Assignment: Every line below must be reproduced exactly; no pictures are to be included.

Given material:
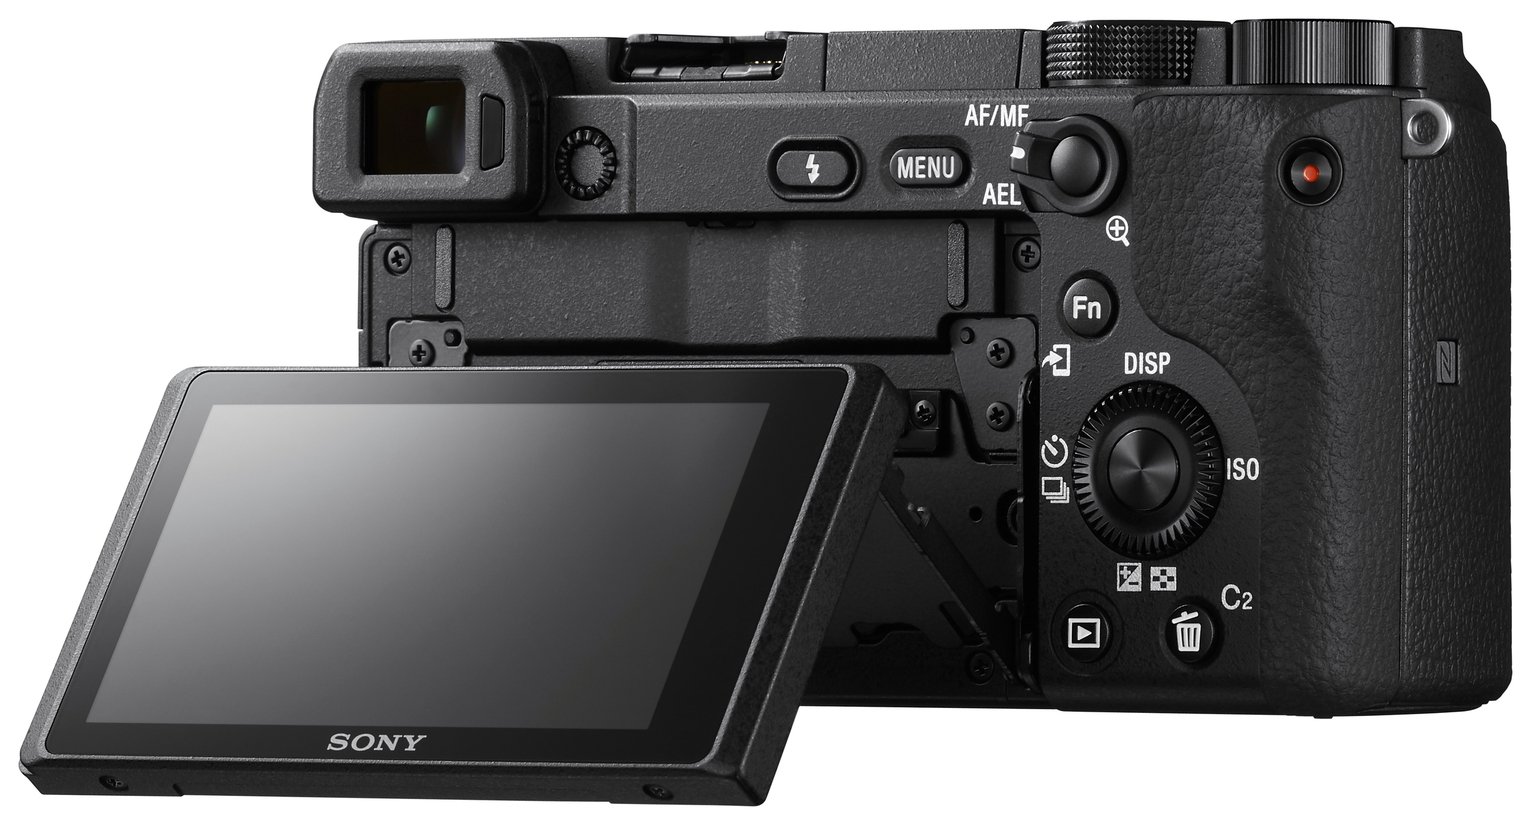 Sony 6400 E Mount Camera with SEP1650 Lens Review
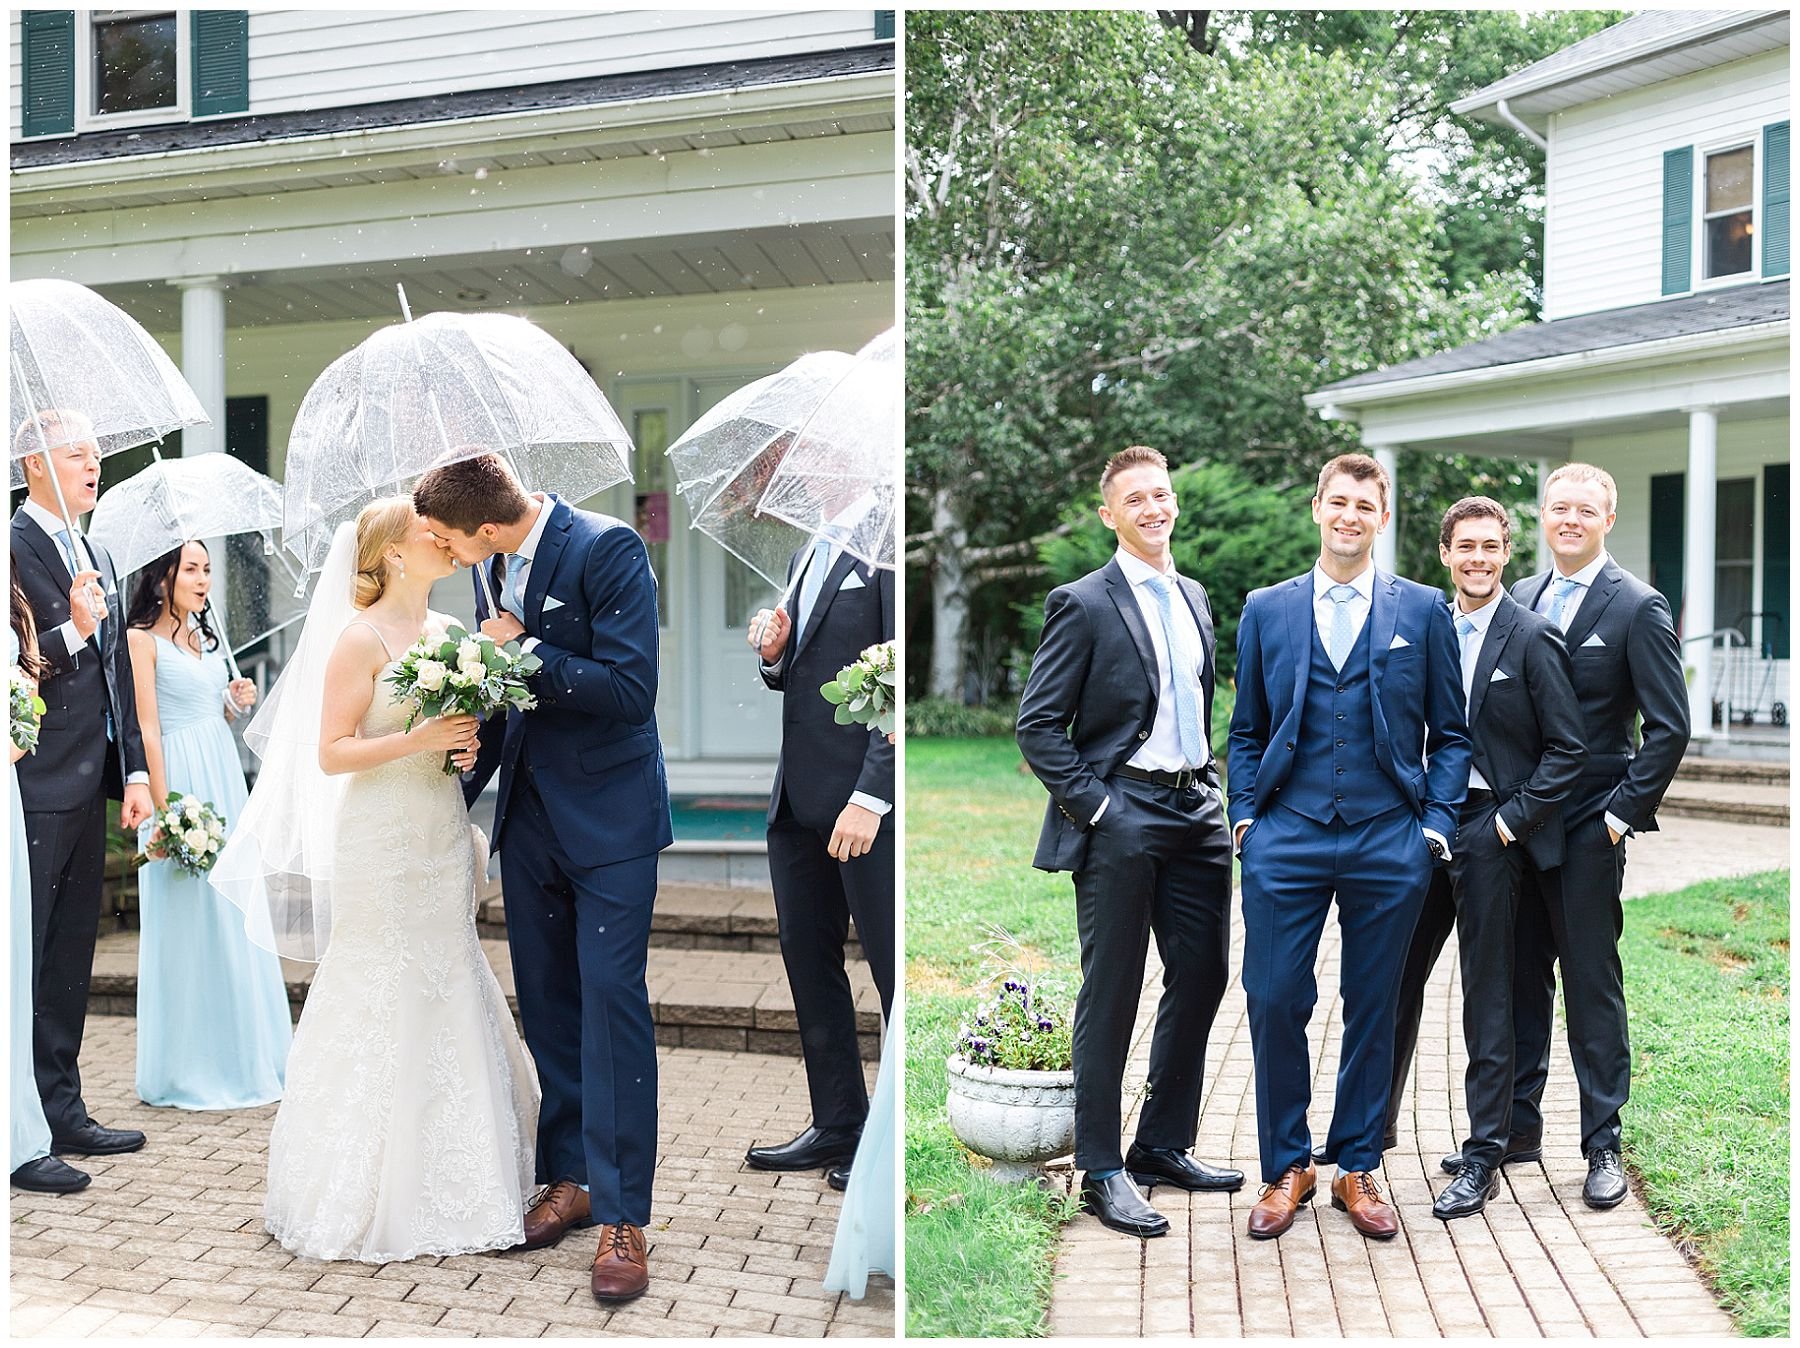 Bridal party photos in the rain
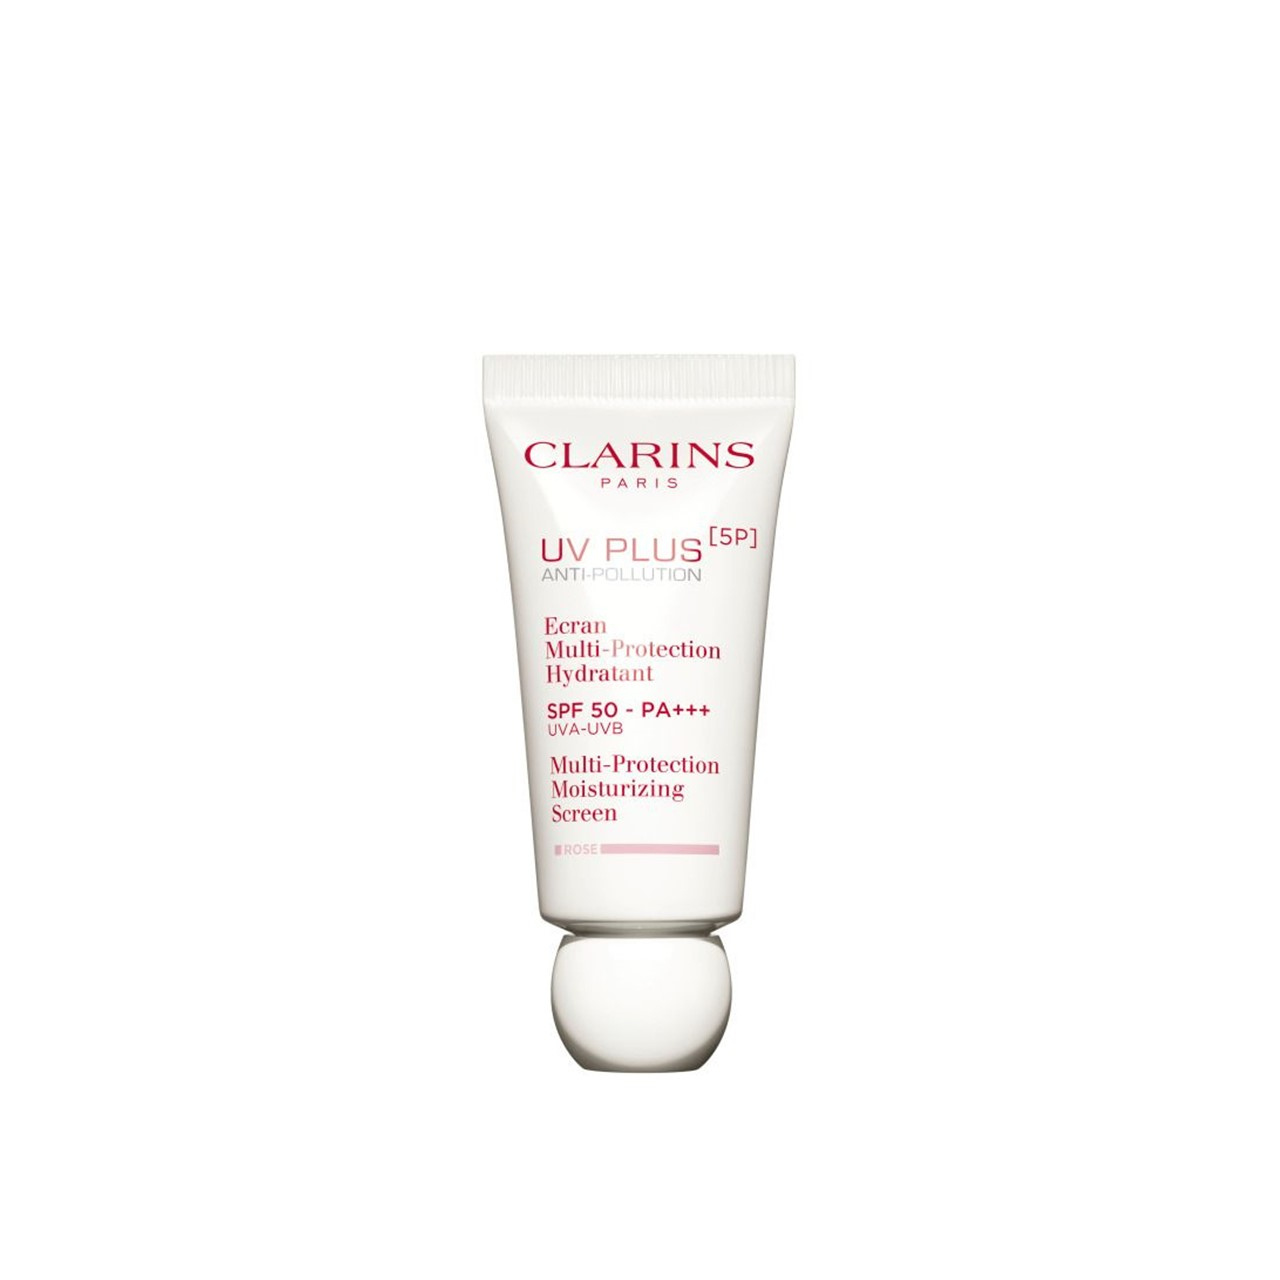 Clarins UV Plus [5P] Anti-Pollution SPF50 Rose 30ml (1.01fl oz)

Response to this task:
 Sony 6400 E Mount Camera with SEP1650 Lens Review
 Bridal party photos in the rain
 Clarins UV Plus [5P] Anti-Pollution SPF50 Rose 30ml (1.01fl oz)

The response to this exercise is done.